Question

How to align a protein set to a genome?

1

Entering edit mode

8.4 years ago

Dan ▴ 530

Hi,

I have a new genome assembly and I want to align the protein sequences of the original assembly against it. What is the best tool for this job?

protein genome alignment prediction annotation • 5.1k views

ADD COMMENT • link updated 8.4 years ago by jomaco ▴ 200 • written 8.4 years ago by Dan ▴ 530

Ram · Answer 1 · 2015-11-18

4

Entering edit mode

8.4 years ago

Juke34 8.5k

Hi, several suggestions:

If you want an approximated alignments you can use Pmatch or tblastn.
If you want something precise, you can use exonerate or Genewise that give splice-aware alignments.

This publication reviews the performance of 7 tools doing spliced alignments from proteins (They look also at 12 tools doing DNA alignments):
Hiroaki Iwata and Osamu Gotoh Nucleic Acids Res. 2012 Nov; 40(20): e161. doi: 10.1093/nar/gks708

The second way is more time consuming if you use these tools directly. Often the two steps are coupled. The first step is used to define chunks of genome that will be send to the second step tools (e.g. within Maker and Ensembl annotation pipelines).

Cheers

ADD COMMENT • link updated 4.4 years ago by Ram 43k • written 8.4 years ago by Juke34 8.5k

1

Entering edit mode

I think you meant tblastn and not Blasx

ADD REPLY • link 5.5 years ago by alslonik ▴ 310

0

Entering edit mode

Right, I will update the post !

ADD REPLY • link 5.5 years ago by Juke34 8.5k

0

Entering edit mode

May I also ask here if Promer (MUMmer) has an option of aligning a proteome to a genome? According to what i see it uses only nucleotide sequences, am I missing smth?

ADD REPLY • link 5.5 years ago by alslonik ▴ 310

1

Entering edit mode

In the MUMer4 publication they state "It is not restricted to DNA and can also align protein sequences". It is not clearly said in the manual but it looks you can proteome as input of Promer. This approach do not provide splice-aware alignment.

Another tool really fast would be PSimScan.

Otherwise if you look for splice aware alignment you could have a look at this publication they show performance of 7 different tools for protein alignments:
Hiroaki Iwata and Osamu Gotoh Nucleic Acids Res. 2012 Nov; 40(20): e161. doi: 10.1093/nar/gks708

ADD REPLY • link 5.5 years ago by Juke34 8.5k

0

Entering edit mode

I tried to align proteome to a genome using promer, but it treats proteins as IUPAC code for nt and turns to N all the letters that it does not recognize... Anyway I ll try to look more into their publication, thanks. PSimScan looks a good tool too! I just need an "approximate" alignment at this stage, but will look into the publication that you mentioned for my future reference, many many thanks!

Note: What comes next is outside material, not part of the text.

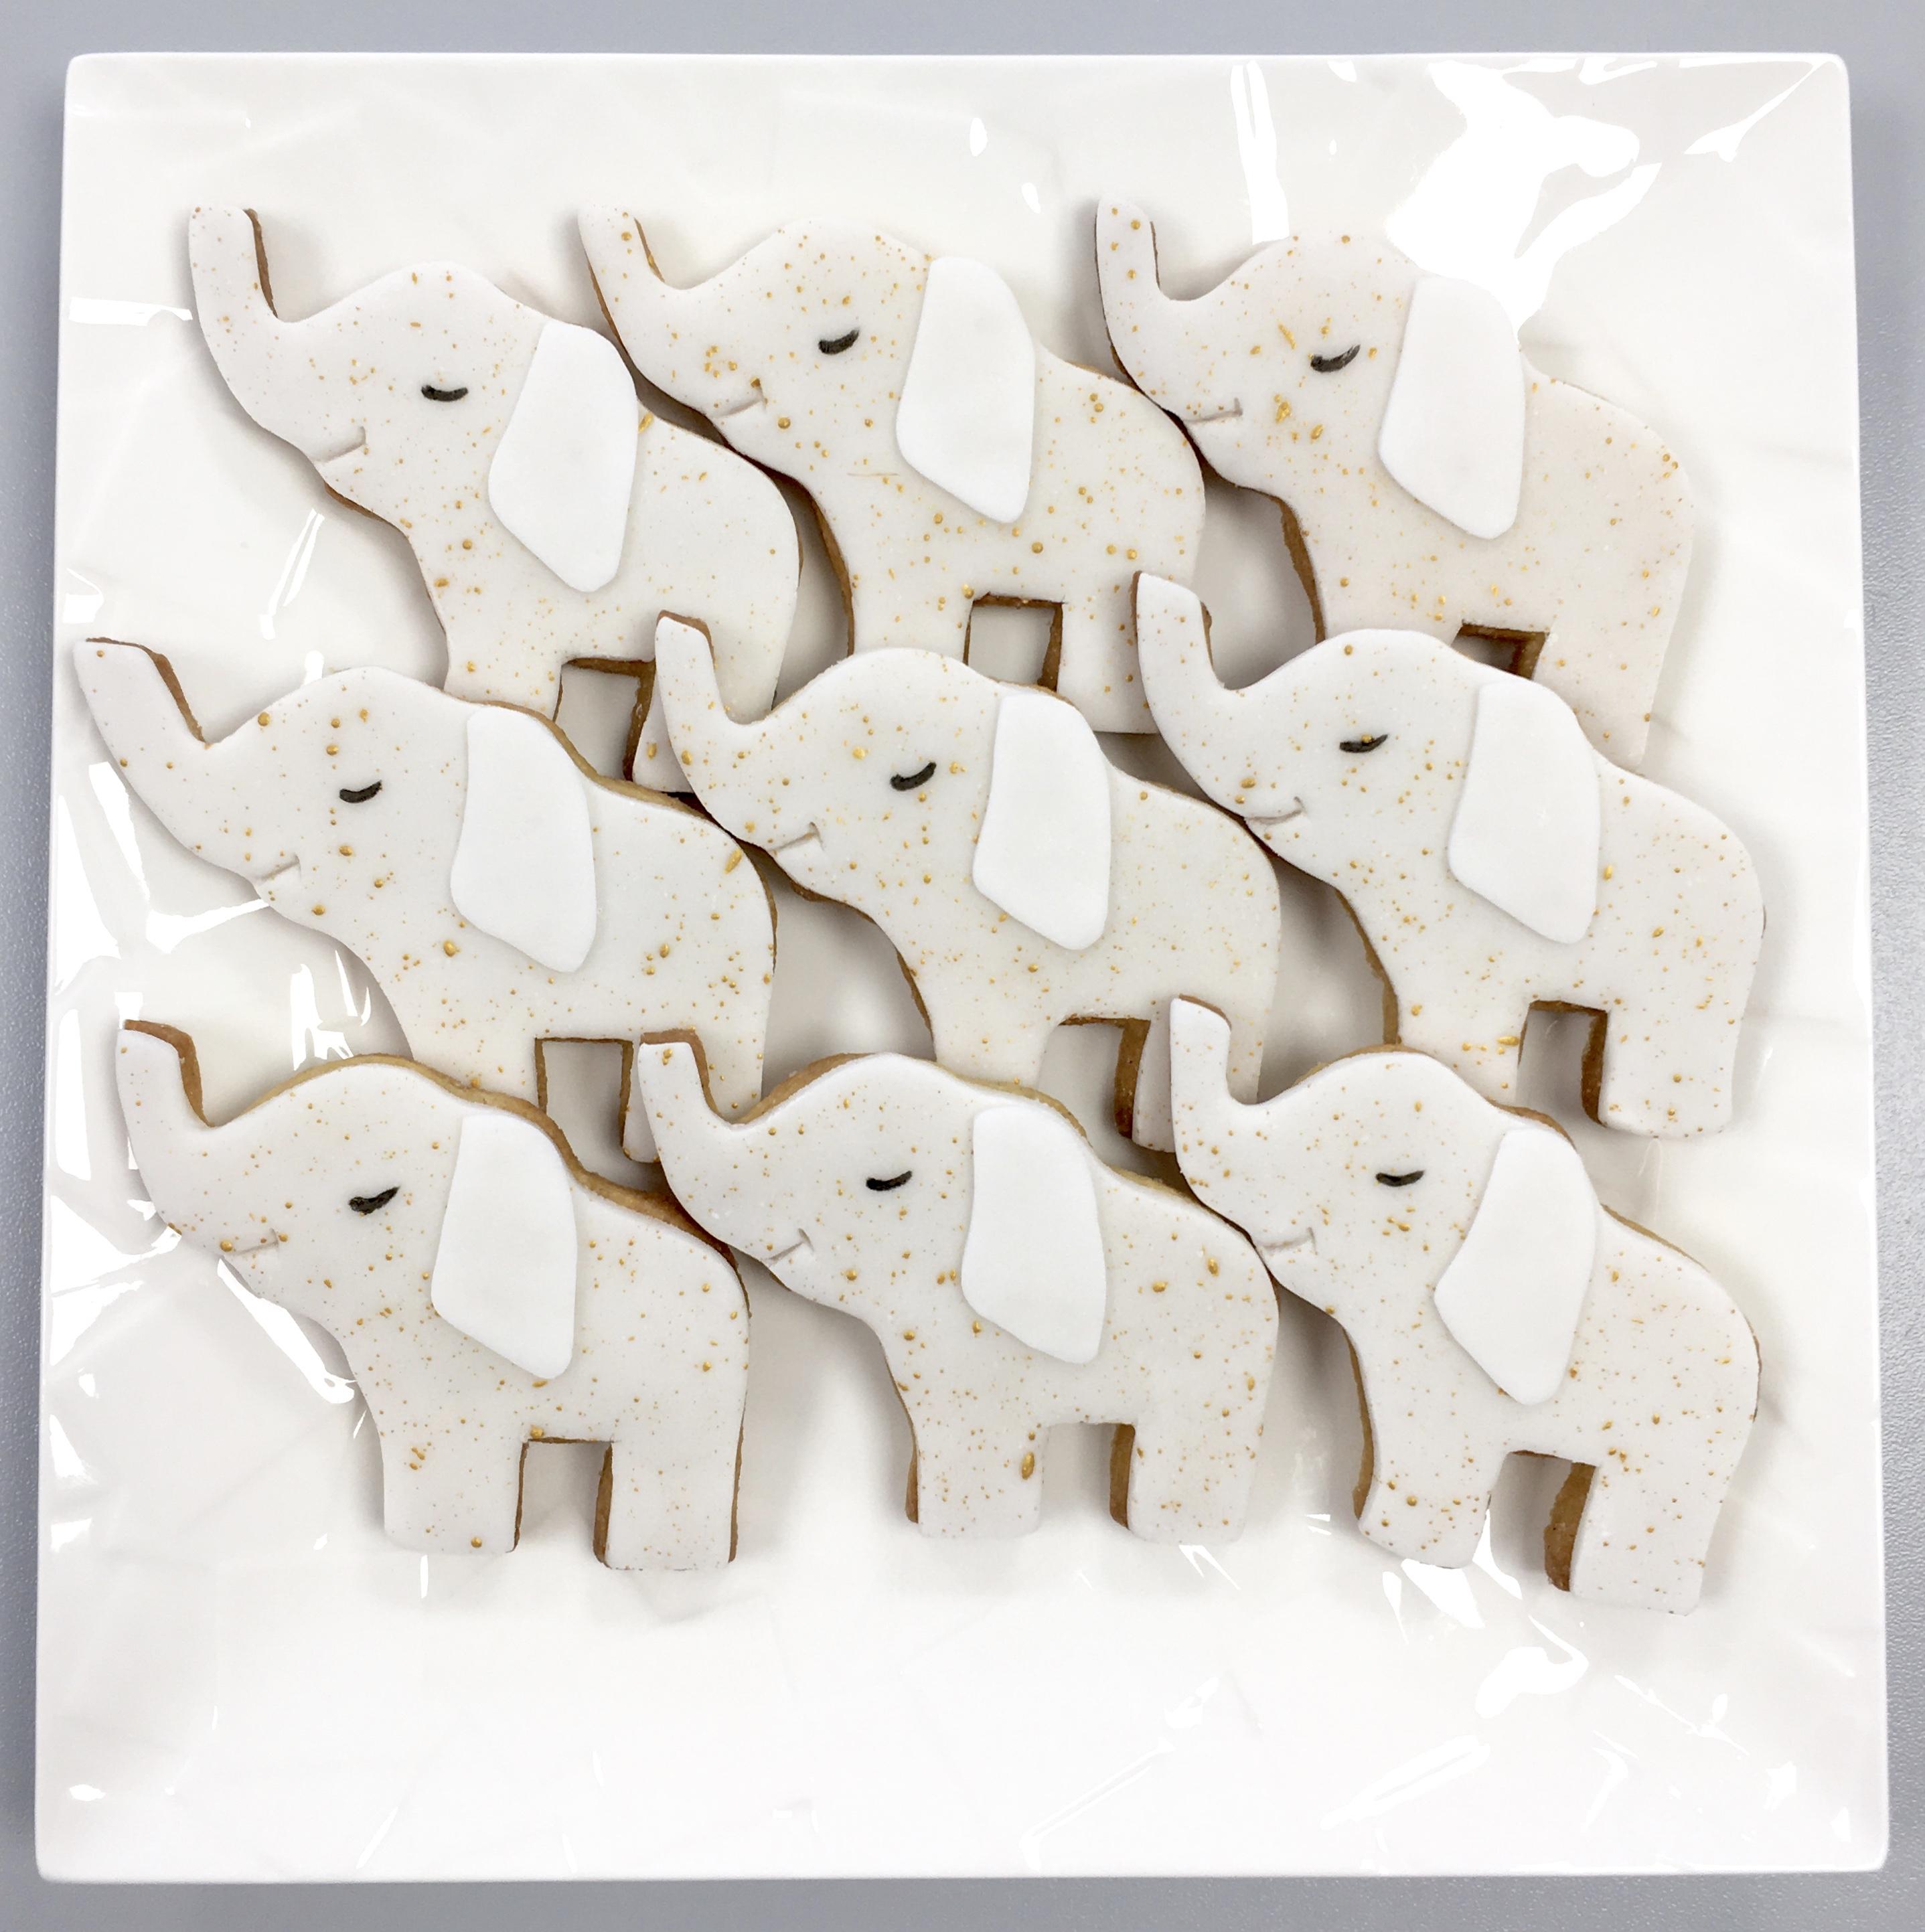 Gâteaux individuels personnalisés Anniversaire - Sablés décorés Thème Cirque Eléphants

ADD REPLY • link 5.5 years ago by alslonik ▴ 310

0

Entering edit mode

Here is what they say on the MUMmer4.x README:

promer is for the protein level, all-vs-all comparison of nucleotide sequences contained in multi-FastA data files. The nucleotide input files are translated in all 6 reading frames and then aligned to one another via the same methods as nucmer.

I think it can only deal with nucleotides.

ADD REPLY • link 5.5 years ago by alslonik ▴ 310

0

Entering edit mode

That's pity they don't check if the input is AA or DNA and skip the six frame translation if it is already protein. You should create an issue and ask if it could be implemented in a future version.

ADD REPLY • link 5.5 years ago by Juke34 8.5k

0

Entering edit mode

You're right. I will.

ADD REPLY • link 5.5 years ago by alslonik ▴ 310

score 1 · Answer 2 · 2015-11-18

I would use blat or exonerate. Blat is better for more closely related species and the nice thing is that both will produce a blast table for easy parsing (though, with exonerate you have to use the 'roll-your-own' with a custom string, which I could share). Exonerate is used by Maker for protein alignments and it has a lot more options that allow you to control the splicing and intron modeling, codon alignment, etc. Blat is a lot faster, so that is a trade-off to consider.

score 0 · Answer 3 · 2015-12-11

If you wish to align those proteins to a reference assembly you could use the exonerate (http://www.ebi.ac.uk/~guy/exonerate/) protein2genome model which models introns. I used this when I wanted to align proteins from the TAIR10 database to our reference genome. You would also probably want to split the file into considerably smaller chunks so that many faster individual alignments can be carried out before the results are merged - this way the alignment as a whole will be much quicker.